The high sensitivity of the Echinococcus Western Blot IgG for Echinococcus genus diagnosis, compared to those of the screening tests used in the present study, should first be emphasized. It equals, on average, that of the available Em2plus ELISA, used for immunodiagnosis of alveolar echinococcosis (6). This sensitivity appears slightly higher than that of the combined immunoblots with E. granulosus- and E. multilocularis-rich antigen fractions described by Ito et al. (7). Indeed, it is higher than that of the immunoblot with E. granulosus-rich antigen for cystic echinococcosis, and it equals, on average, that of the immunoblot with E. multilocularis-rich antigen for alveolar echinococcosis. However, this result remains to be confirmed with sera from patients from different geographic foci, since biochemical strain diversity may occur, especially within the species E. granulosus (3). On the basis of the present results and of the simplicity of the method, it can be proposed as a general strategy for immunodiagnosis of both echinococcoses that the Echinococcus Western Blot IgG be performed either as a confirmatory test for a positive screening test result or as a first-line diagnostic test when suggestive clinical manifestations or imaging data are available.

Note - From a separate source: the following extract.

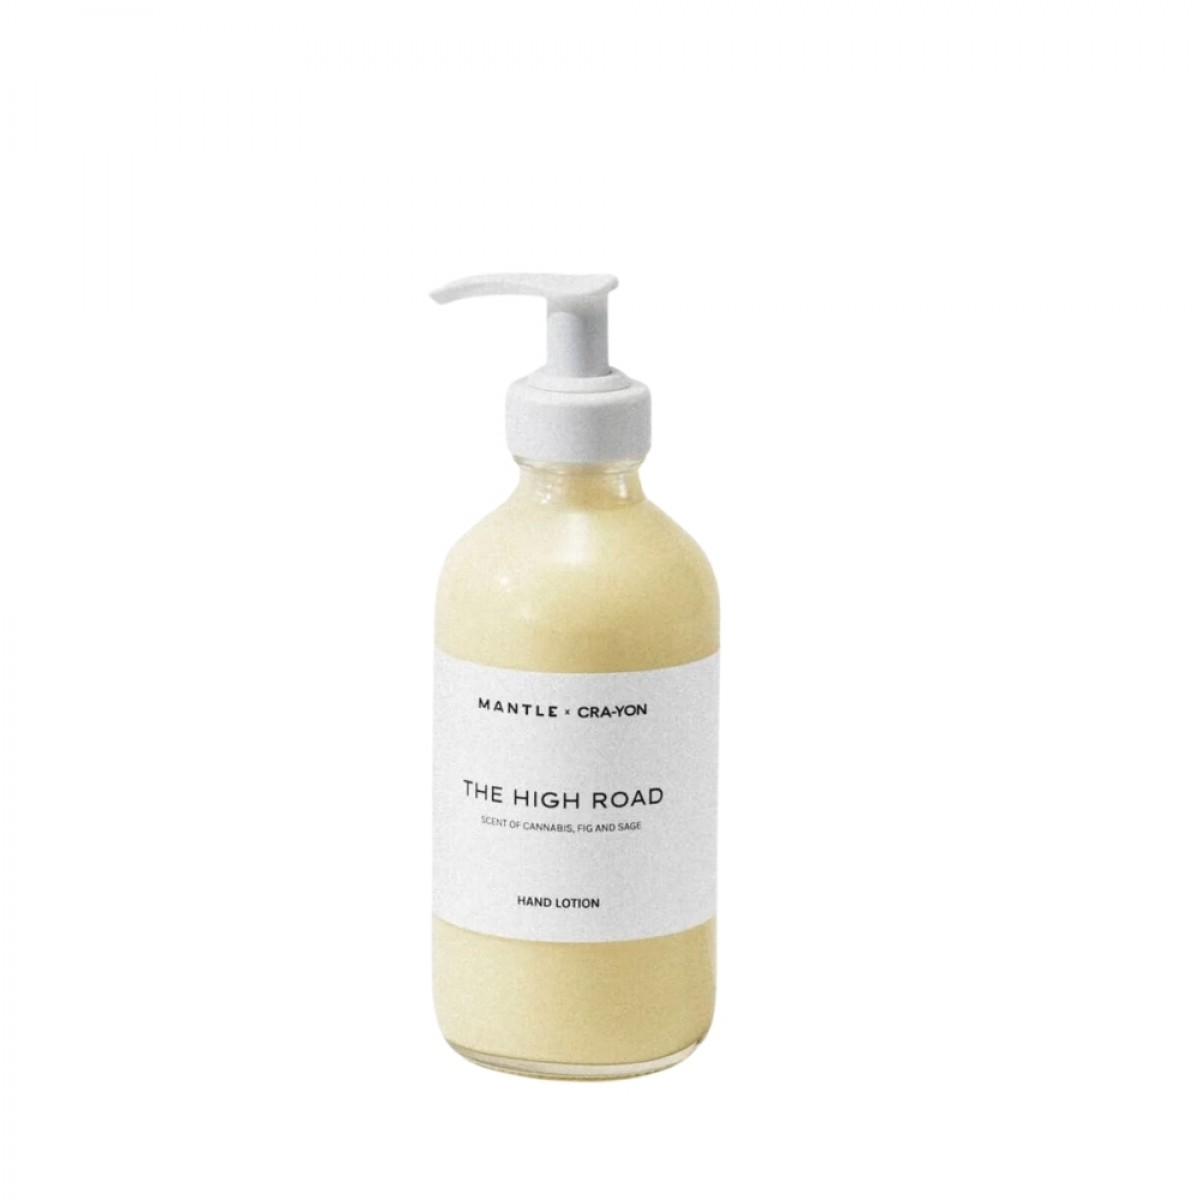  the high road hand lotion - front

E. multilocularis antigenic components of 16 and 18 kDa appear to be good candidates for differentiation between cystic and alveolar echinococcoses, as previously shown with a crude antigen of E. multilocularis of Japanese origin (8). To our knowledge, the Echinococcus Western Blot IgG is the first standardized assay developed from an antigenic extract from a single species, E. multilocularis, which not only allows the diagnosis of both echinococcoses but also allows differentiation between cystic and alveolar echinococcoses in most cases. Indeed, the Em2plus ELISA, which uses two purified E. multilocularis-derived antigens, is not sensitive enough for the screening of E. granulosus infections.

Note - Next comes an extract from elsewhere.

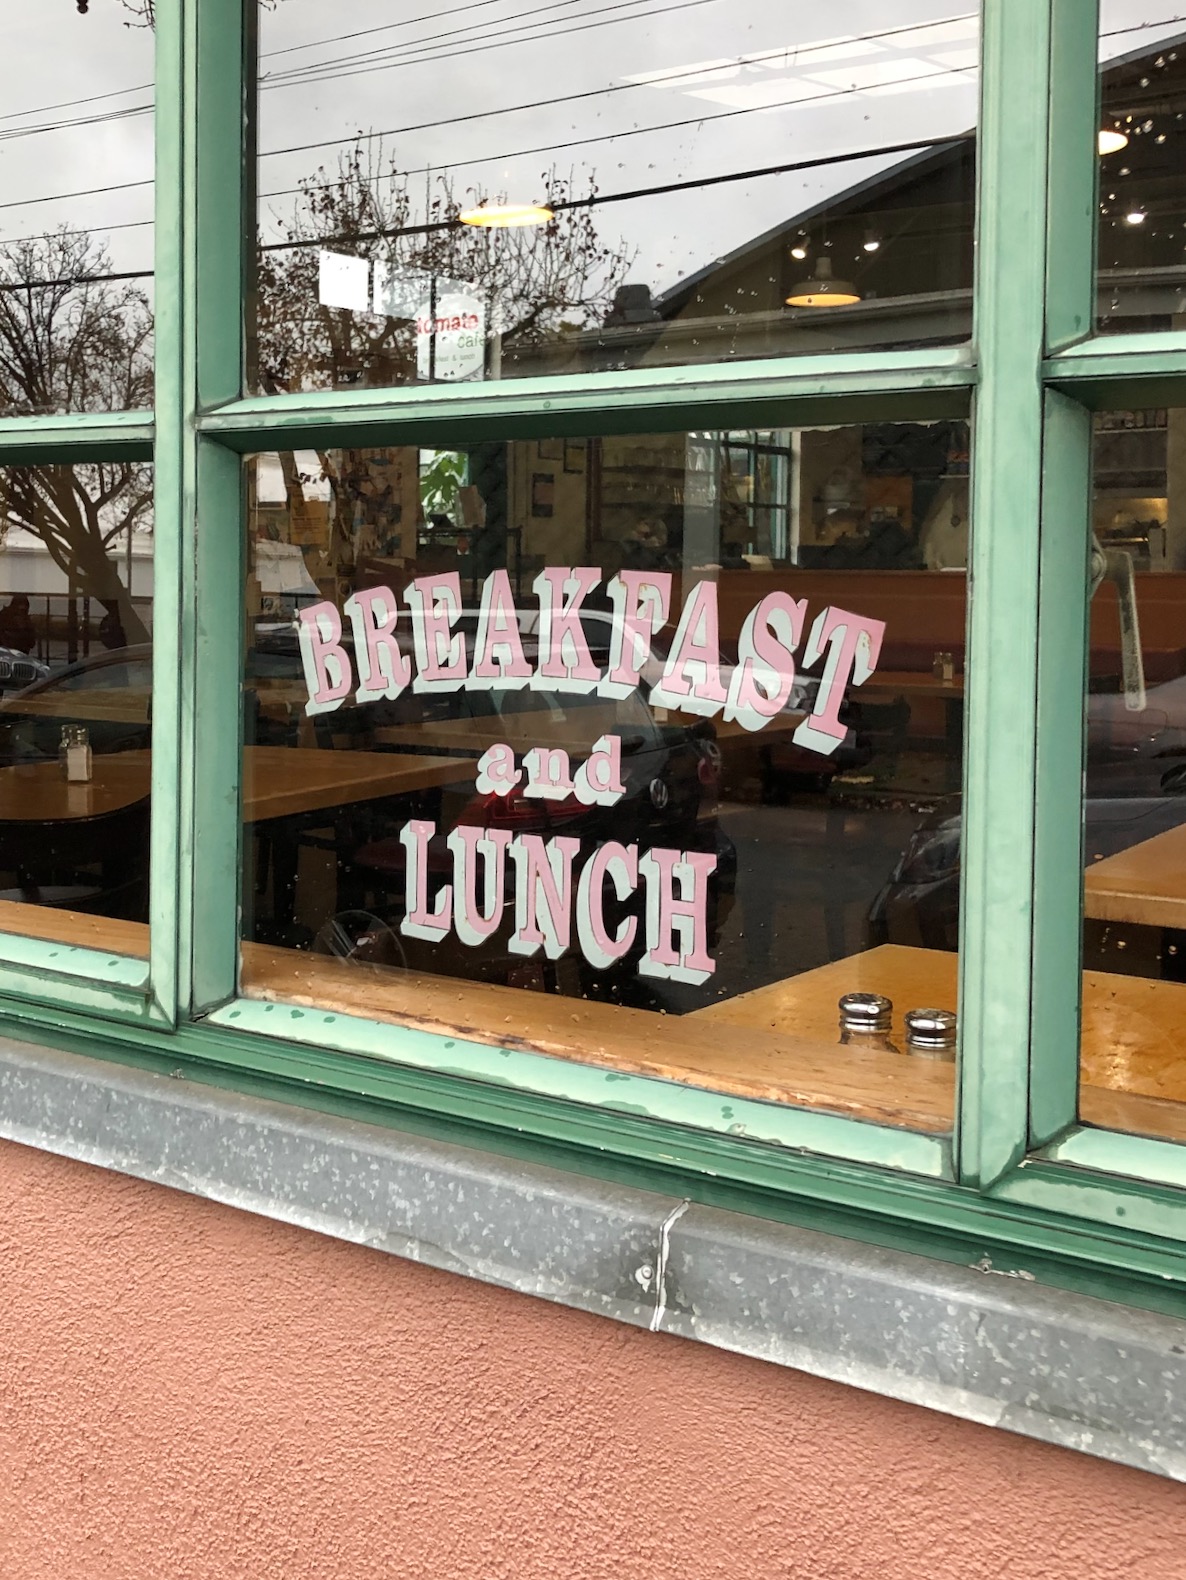 window of restaurant with breakfast and lunch sign

Although the 18-kDa antigen was designated a good marker for detection of active E. multilocularis lesions (9), we failed to distinguish active from inactive forms of either alveolar or cystic echinococcosis. This can be explained by the greater number of serum samples used in the present study. In contrast, our data parallel those of Dreweck et al., who showed that alveolar echinococcosis sera uniformly recognize E. multilocularis components of low molecular weight, whatever the clinical status of patients (2).
As observed with an immunoblot using a homologous antigen (4), the reactivities of patients with E. vogeli disease seem to resemble those of patients with alveolar echinococcosis more than those of patients with cystic echinococcosis. Further evaluation is required to assess the usefulness of the Echinococcus Western Blot IgG for the diagnosis of E. vogeli infection, since this species, but not E. multilocularis, occurs in Latin American countries.
As previously observed with E. multilocularis-derived antigens (6), cross-reactions with neurocysticercosis and schistosomosis sera occurred. Blotting patterns observed with neurocysticercosis sera also resembled those of alveolar echinococcosis sera, whereas these two infections are usually clinically quite different. In those rare patients presenting with neurologic disorders and tumor-like lesions in the brain, who could harbor a pattern resembling that of echinococcosis, the problem can be ruled out by retesting the sera with an available T. solium immunoblot or assays using recombinant E. multilocularis-derived antigens. Differential diagnosis between echinococcosis and S. mansoni infections may be irrelevant, since they are usually allopatric in distribution and since human infections occur in quite different ways.
In conclusion, this study reveals the considerable potential of the standardized Echinococcus Western Blot IgG for the diagnosis of both cystic and alveolar echinococcoses.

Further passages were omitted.